La publicación en este país de textos admirablemente documentados y exhaustivos, tales como Suét, ktéry votti, de Karel Teige, la reciente traducción al checo de mis dos obras Nadia y Los vasos comunicantes, las diversas conferencias seguidas de coloquio celebradas en Praga a cargo de nuestros amigos, las muy objetivas reseñas publicadas en «Surréalismus v diskusi» de los debates a que el surrealismo ha dado lugar en los últimos años, las muchas exposiciones de pinturas y esculturas, y, en fin, la reciente fundación de la revista «Surréalismus», dirigida por Vitezslav Nezval, han contribuido a que, al aceptar la invitación que me dirigió la Sociedad Manes, pueda hablar a un público que, en su gran mayoría, goza de excelente información. Por esto creo innecesario exponeros la historia del movimiento surrealista desde 1920 hasta el presente. No os hablaré de ello, sino del mismísimo objeto de nuestra atención.

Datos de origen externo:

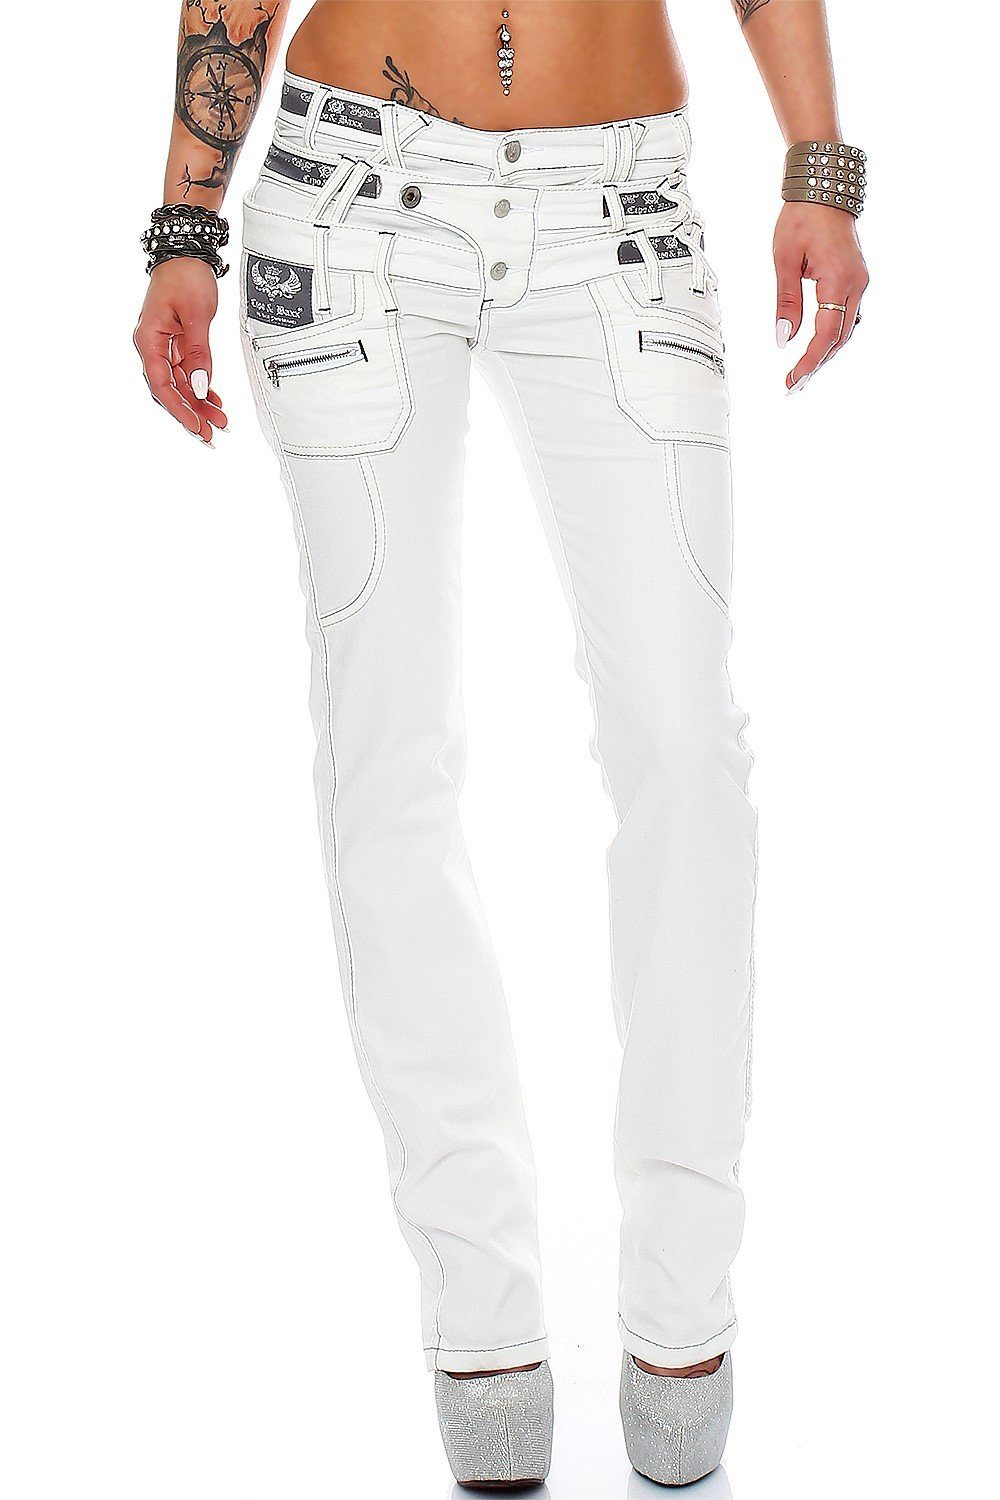 Cipo & Baxx 5-Pocket-Jeans Damen Hose BA-CBW0245 Weiße Biker Jeans mit  Zippern

Quiero recordar que, en ocasión de una conferencia pronunciada en Bruselas hace poco menos de un año, me referí muy brevemente al hecho consistente en que, a consecuencia de la aparición del surrealismo, se estaba produciendo una crisis fundamental del objeto. En aquella ocasión dije: «La vista de día en día más lúcida del surrealismo se ha mantenido fija, de modo principal, en el curso de los últimos años, sobre el objeto. Únicamente el muy atento estudio de las numerosas especulaciones públicas a que recientemente ha dado lugar este objeto (objeto onírico, objeto de función simbólica, objeto real y virtual, objeto móvil y mudo, objeto fantasma, objeto hallado) podrá permitir captar en todo su alcance la actual tentación del surrealismo. Es indispensable centrar nuestro interés en este punto.» Al cabo de diez meses, esta conclusión no ha perdido ni un ápice de actualidad. Recientemente, Man Ray ha tenido a bien proponer algo que, en este aspecto, resulta altamente significativo. Para que comprendáis perfectamente la idea de Man Ray, desde un punto de vista sensible, la ilustraré con un breve comentario.

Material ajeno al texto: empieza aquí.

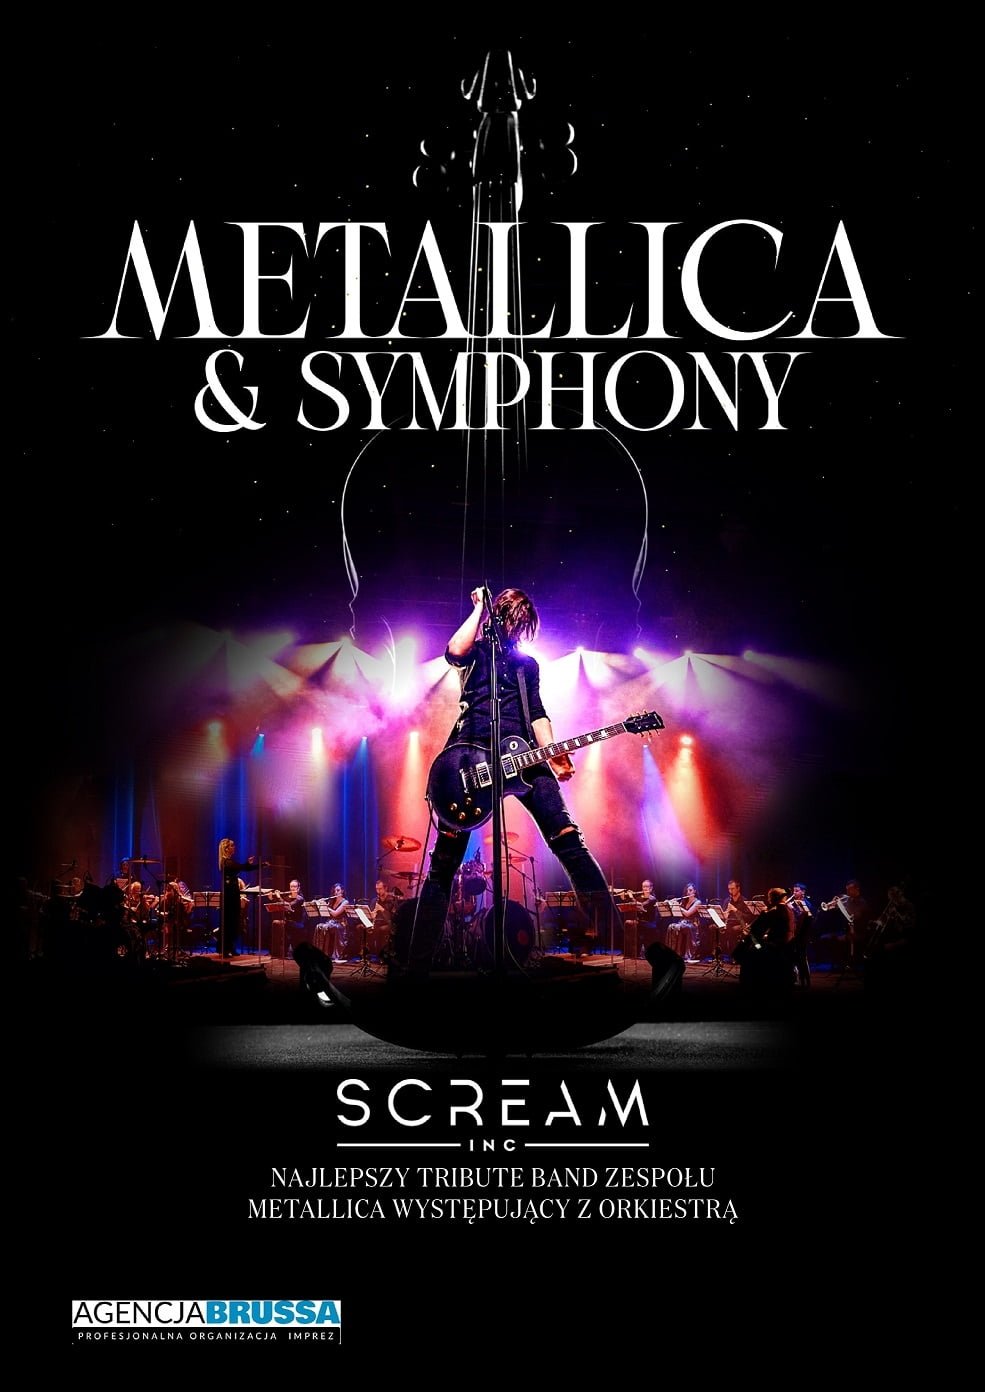 Metallica & Symphony by SCREAM INC. (518555)

El mayor peligro que actualmente amenaza al surrealismo quizá radique en el hecho de que en virtud de la rápida difusión mundial que súbitamente ha experimentado, su nombre ha tenido más pronta aceptación que la idea que lo inspira, pese a nuestros esfuerzos para que así no fuera, por lo que una serie de producciones de toda laya, más o menos discutibles, se han colocado la etiqueta surrealista, y así vemos que muchas obras, desde las de tendencia «abstracta», aparecidas en Holanda y Suiza, hasta las más recientes narraciones breves publicadas en Inglaterra, presentan ciertas equívocas relaciones de vecindad con las obras surrealistas, y del mismo modo el innombrable M. Cocteau se ha atrevido a inmiscuirse en exposiciones surrealistas celebradas en América, y en publicaciones surrealistas aparecidas en el Japón. Para evitar tales confusiones, o para imposibilitar que se vuelvan a cometer tan groseros abusos, es aconsejable que establezcamos una muy precisa línea divisoria entre aquello que es esencialmente surrealista y aquello que, a fines publicitarios o de otra índole, pretende hacerse pasar por surrealista.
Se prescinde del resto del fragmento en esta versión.